# Task instructions
Word for word, transcribe all of the records.

# Material for the task
++++++

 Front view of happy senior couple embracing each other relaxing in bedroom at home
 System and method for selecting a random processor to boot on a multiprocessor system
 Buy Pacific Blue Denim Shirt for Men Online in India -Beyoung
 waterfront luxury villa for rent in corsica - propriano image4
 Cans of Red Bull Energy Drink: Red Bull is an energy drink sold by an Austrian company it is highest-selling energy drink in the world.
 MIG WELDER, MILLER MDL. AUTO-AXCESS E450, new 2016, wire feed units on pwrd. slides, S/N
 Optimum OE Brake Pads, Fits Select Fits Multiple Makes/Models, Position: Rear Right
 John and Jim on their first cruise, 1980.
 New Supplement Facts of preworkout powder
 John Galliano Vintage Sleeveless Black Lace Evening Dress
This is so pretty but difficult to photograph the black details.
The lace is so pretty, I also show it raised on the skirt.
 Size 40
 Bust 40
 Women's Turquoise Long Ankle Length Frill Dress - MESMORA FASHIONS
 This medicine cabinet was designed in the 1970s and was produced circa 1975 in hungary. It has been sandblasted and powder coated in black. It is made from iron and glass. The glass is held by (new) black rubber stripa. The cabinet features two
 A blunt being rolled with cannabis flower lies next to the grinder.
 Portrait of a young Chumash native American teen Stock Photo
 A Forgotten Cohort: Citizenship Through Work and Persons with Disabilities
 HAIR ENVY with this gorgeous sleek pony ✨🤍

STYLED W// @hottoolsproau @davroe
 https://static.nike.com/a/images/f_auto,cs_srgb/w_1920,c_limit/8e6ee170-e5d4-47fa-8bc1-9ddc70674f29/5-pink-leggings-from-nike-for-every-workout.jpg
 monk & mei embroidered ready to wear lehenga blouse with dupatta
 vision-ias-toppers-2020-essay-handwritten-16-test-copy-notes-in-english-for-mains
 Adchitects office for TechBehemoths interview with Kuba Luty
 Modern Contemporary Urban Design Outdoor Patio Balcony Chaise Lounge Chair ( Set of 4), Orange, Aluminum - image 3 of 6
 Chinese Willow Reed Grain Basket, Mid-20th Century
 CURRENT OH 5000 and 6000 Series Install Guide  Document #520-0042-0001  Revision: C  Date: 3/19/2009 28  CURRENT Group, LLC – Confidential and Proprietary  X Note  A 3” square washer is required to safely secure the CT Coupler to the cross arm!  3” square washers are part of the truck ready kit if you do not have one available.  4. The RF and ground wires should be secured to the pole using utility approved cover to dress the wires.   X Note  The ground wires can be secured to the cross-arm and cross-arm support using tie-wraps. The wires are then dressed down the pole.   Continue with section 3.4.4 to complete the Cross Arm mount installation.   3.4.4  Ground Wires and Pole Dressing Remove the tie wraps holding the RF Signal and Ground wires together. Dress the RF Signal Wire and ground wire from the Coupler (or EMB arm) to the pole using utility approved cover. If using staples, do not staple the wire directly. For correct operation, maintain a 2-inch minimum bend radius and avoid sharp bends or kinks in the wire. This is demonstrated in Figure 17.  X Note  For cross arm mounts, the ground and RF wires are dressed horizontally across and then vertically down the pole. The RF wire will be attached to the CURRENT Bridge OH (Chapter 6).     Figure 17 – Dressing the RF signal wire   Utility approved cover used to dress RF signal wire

++++++

# Response for this exercise
 Front view of happy senior couple embracing each other relaxing in bedroom at home
 System and method for selecting a random processor to boot on a multiprocessor system
 Buy Pacific Blue Denim Shirt for Men Online in India -Beyoung
 waterfront luxury villa for rent in corsica - propriano image4
 Cans of Red Bull Energy Drink: Red Bull is an energy drink sold by an Austrian company it is highest-selling energy drink in the world.
 MIG WELDER, MILLER MDL. AUTO-AXCESS E450, new 2016, wire feed units on pwrd. slides, S/N
 Optimum OE Brake Pads, Fits Select Fits Multiple Makes/Models, Position: Rear Right
 John and Jim on their first cruise, 1980.
 New Supplement Facts of preworkout powder
 John Galliano Vintage Sleeveless Black Lace Evening Dress
This is so pretty but difficult to photograph the black details.
The lace is so pretty, I also show it raised on the skirt.
 Size 40
 Bust 40
 Women's Turquoise Long Ankle Length Frill Dress - MESMORA FASHIONS
 This medicine cabinet was designed in the 1970s and was produced circa 1975 in hungary. It has been sandblasted and powder coated in black. It is made from iron and glass. The glass is held by (new) black rubber stripa. The cabinet features two
 A blunt being rolled with cannabis flower lies next to the grinder.
 Portrait of a young Chumash native American teen Stock Photo
 A Forgotten Cohort: Citizenship Through Work and Persons with Disabilities
 HAIR ENVY with this gorgeous sleek pony ✨🤍

STYLED W// @hottoolsproau @davroe
 https://static.nike.com/a/images/f_auto,cs_srgb/w_1920,c_limit/8e6ee170-e5d4-47fa-8bc1-9ddc70674f29/5-pink-leggings-from-nike-for-every-workout.jpg
 monk & mei embroidered ready to wear lehenga blouse with dupatta
 vision-ias-toppers-2020-essay-handwritten-16-test-copy-notes-in-english-for-mains
 Adchitects office for TechBehemoths interview with Kuba Luty
 Modern Contemporary Urban Design Outdoor Patio Balcony Chaise Lounge Chair ( Set of 4), Orange, Aluminum - image 3 of 6
 Chinese Willow Reed Grain Basket, Mid-20th Century
 CURRENT OH 5000 and 6000 Series Install Guide  Document #520-0042-0001  Revision: C  Date: 3/19/2009 28  CURRENT Group, LLC – Confidential and Proprietary  X Note  A 3” square washer is required to safely secure the CT Coupler to the cross arm!  3” square washers are part of the truck ready kit if you do not have one available.  4. The RF and ground wires should be secured to the pole using utility approved cover to dress the wires.   X Note  The ground wires can be secured to the cross-arm and cross-arm support using tie-wraps. The wires are then dressed down the pole.   Continue with section 3.4.4 to complete the Cross Arm mount installation.   3.4.4  Ground Wires and Pole Dressing Remove the tie wraps holding the RF Signal and Ground wires together. Dress the RF Signal Wire and ground wire from the Coupler (or EMB arm) to the pole using utility approved cover. If using staples, do not staple the wire directly. For correct operation, maintain a 2-inch minimum bend radius and avoid sharp bends or kinks in the wire. This is demonstrated in Figure 17.  X Note  For cross arm mounts, the ground and RF wires are dressed horizontally across and then vertically down the pole. The RF wire will be attached to the CURRENT Bridge OH (Chapter 6).     Figure 17 – Dressing the RF signal wire   Utility approved cover used to dress RF signal wire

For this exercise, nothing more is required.